Самым крупным и надёжным политическим приобретением Румянцева стал Александр Андреевич Безбородко, в котором полководец сразу разглядел небывалого царедворца, дипломата, управленца. Ну кто ещё способен ужиться подряд — с Румянцевым, Екатериной и Павлом? Аттестуя Безбородко императрице, Румянцев сказал: «Представляю вашему величеству алмаз в коре. Ваш ум даст ему цену». Александр Андреевич поверхностно знал многие языки, но чисто говорить по-русски так и не выучился. Его малороссийский говор на все лады обыгрывали острословы, да и императрица посмеивалась, но Безбородко знал: пока он трудится энергично, пока не потерял нюх и хитроумие — он незаменим. Второго Безбородко под рукой у императрицы не имелось.
Из любого щекотливого положения он мог выйти с положительным сальдо — и для себя, и для патрона, и для государства. Прыткому малороссу понадобилось немного времени, чтобы стать незаменимым сотрудником государыни. Он стал достаточно сильным, чтобы забыть первоначального благодетеля, но Румянцев всё ещё был притягателен для Безбородко. В этом одна из загадок фельдмаршала: он умел управлять людьми и на расстоянии — причём личностями выдающимися! Что это — уникальные лидерские качества, ореол победы, фамильное обаяние? Или своеобразное родство душ с братьями по оружию?

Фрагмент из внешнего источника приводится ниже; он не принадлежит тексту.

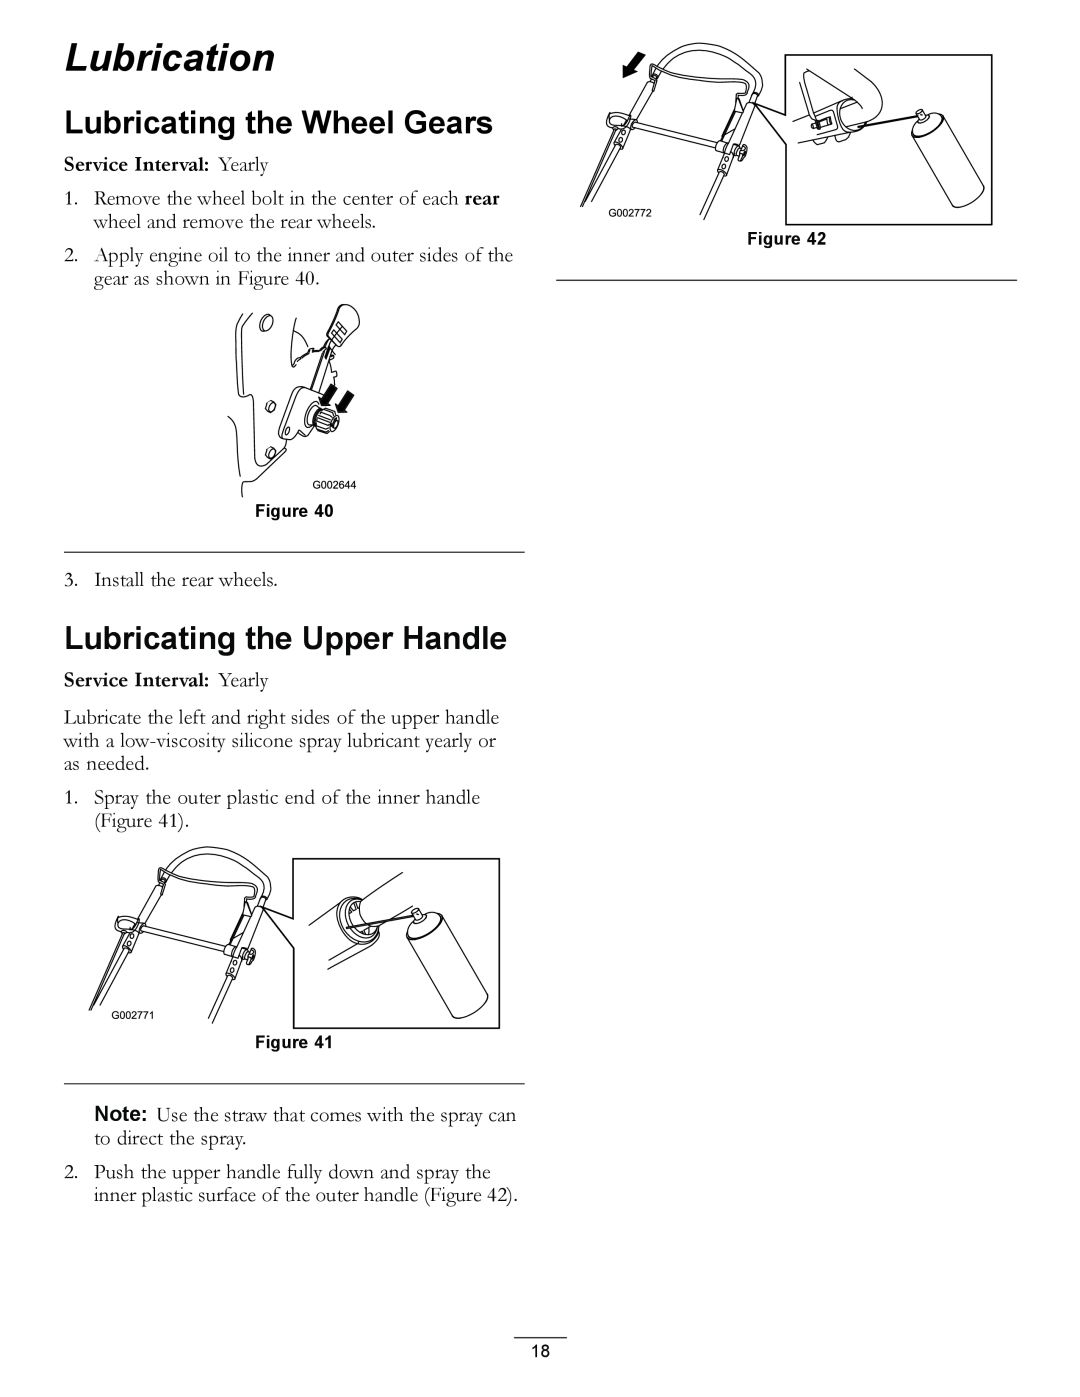 Hayter Mowers R53S manual Lubrication, Lubricating the Wheel Gears, Lubricating the Upper Handle

Вот, например, Гаврила Романович Державин никогда не был ни сотрудником, ни соратником Румянцева. Но и он подпал под обаяние графа Задунайского — ещё когда служил в лейб-гвардии Преображенском полку в чине подпоручика. Гвардейские легенды о Румянцеве создали в воображении поэта образ идеального воина, мудрого политика, бескорыстного дворянина, преданного престолу и Отечеству. В стихах Державина Румянцев предстаёт как идеал просвещённого полководца, как современный Велизарий. Позже, когда Державин войдёт в силу, они познакомятся, но не сблизятся. Восхищаться графом Задунайским Державин не перестанет — даже изведав сухость стареющего полководца.